For the analysis of neutralising titers against the different SARS-CoV-2 isolates shown in Figure 4, sera were pre-diluted 1:16 with DMEM. Three times 100 μl, representing three technical replicates, of this pre-dilution were transferred into a 96 well plate. A log2 dilution was conducted by passaging 50 μl of the serum dilution in 50 μl DMEM, leaving 50 μl of sera dilution in each well. Subsequently 50 μl of the respective SARS-CoV-2 (B.1, B.1.1.298, B.1.1.7 or B.1.351) virus dilution (100 TCID50/well) was added to each well and incubated for 1 hour at 37 °C. Lastly, 100 μl of trypsinated VeroE6 cells (cells of one confluent TC175 flask per 100 ml) in DMEM with 2 % penicillin/streptomycin supplementation was added to each well. After 72 hours incubation at 37 °C, the wells were evaluated by light microscopy. A serum dilution was counted as neutralising in the case no specific CPE was visible. The virus titre was confirmed by virus titration, positive and negative serum samples were included. Analysis were carried out at Friedrich-Loeffler-Institut (Greifswald, Germany).
Funding
This work was supported by the German Federal Ministry of Education and Research (BMBF; grant 01KI20703), by core funds of the German Federal Ministry of Food and Agriculture, and by CureVac, Tuebingen, Germany. Development of CV2CoV is carried out in collaboration with GSK.
Author contributions
N.R., J.S., D.H., S.R., S.O.M. and B.P. conceived and conceptualised the work and strategy. M.T and A.T. were involved in mRNA vaccine design, S.R, N. R. and B.P. designed in vitro and in vivo studies. N.R., J.S., D.H., S.R. analysed and interpreted data. S.R. and N.R. wrote the manuscript. All authors supported the review of the manuscript.
Competing interests
S.R., B.P., N.R., A.T. M.T. and S.O.M are employees of CureVac AG, Tuebingen Germany, a publically listed company developing RNA-based vaccines and immunotherapeutics. All authors may hold shares or stock options in the company. S.R., B.P., N.R., A.T. and M.T. are inventors on several patents on mRNA technology and use thereof.
Acknowledgments
We are very thankful to Thorsten Wolff and to Roman Wölfel for providing SARS-CoV-2 isolates.

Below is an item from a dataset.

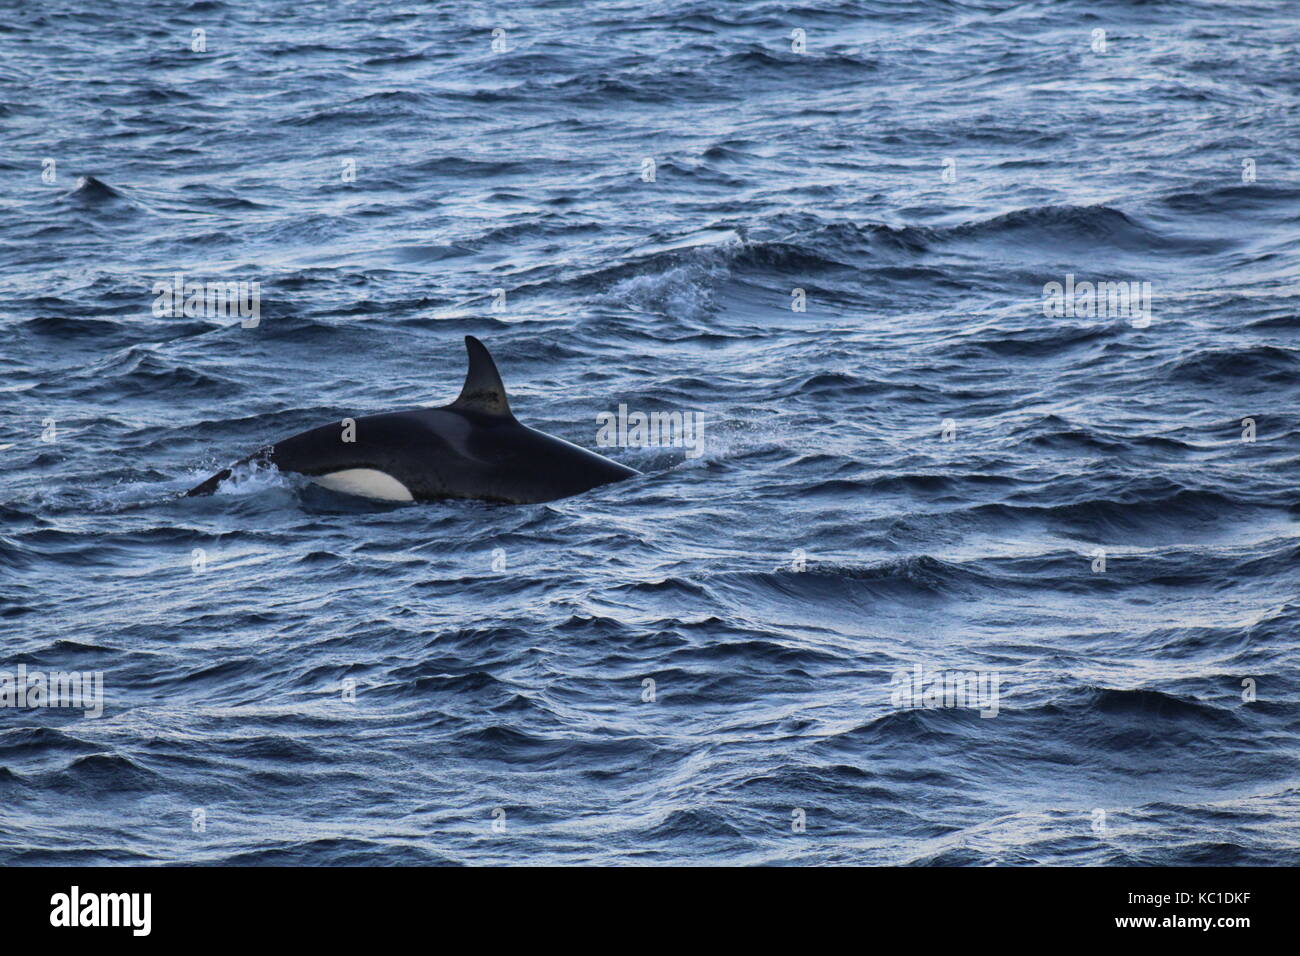 Orca whales surfacing in fjord by Tromso Norway Stock Photo
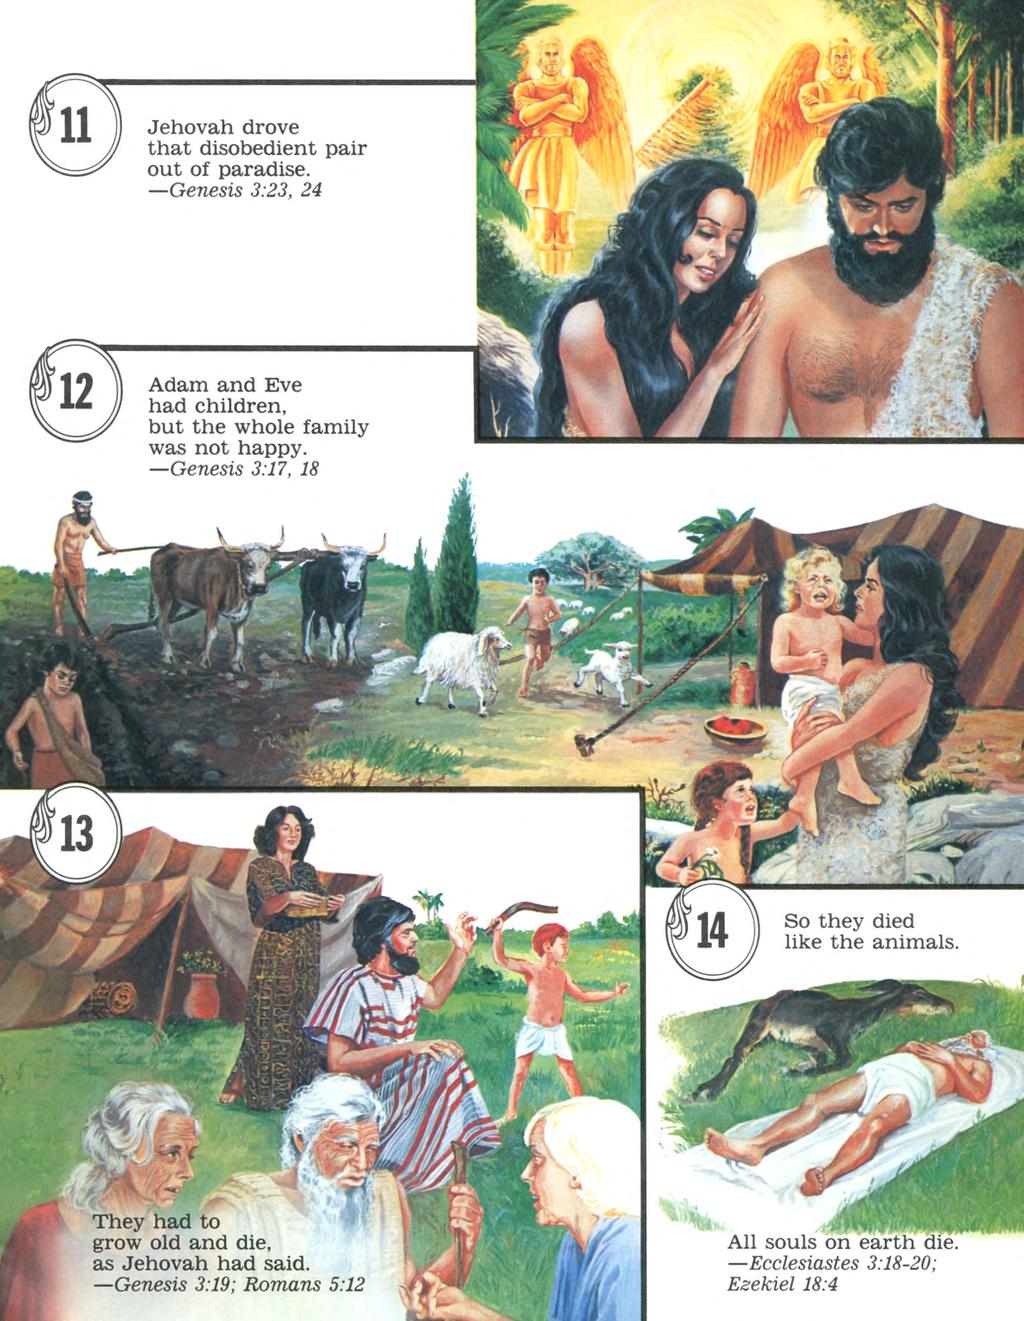 11 Jehovah drove th a t disobedient pair out of paradise. Genesis 3:23, 24 12 Adam and Eve had children, but the whole family was not happy.

Thanks to Jennifer Oduro and Jonas Fuener (preclinics mbH) for conducting the study, their outstanding work, commitment and expertise. Special thanks to Prof. Emanuele Montomoli, Giulia Lapini and the Vismederi team for performing excellent work on virus neutralizing antibody assays. Thanks to Acuitas Therapeutics for LNP formulations.Very special thanks to Julia Jürgens and Julia Schröder for their outstanding work performing experiments and binding antibody analyses, Annette Moebes, Nina Schneck, and Nadine Platner for their relentless support in the lab. Special thanks to Anca Dorhoi and Martin Beer for critically reviewing the manuscript.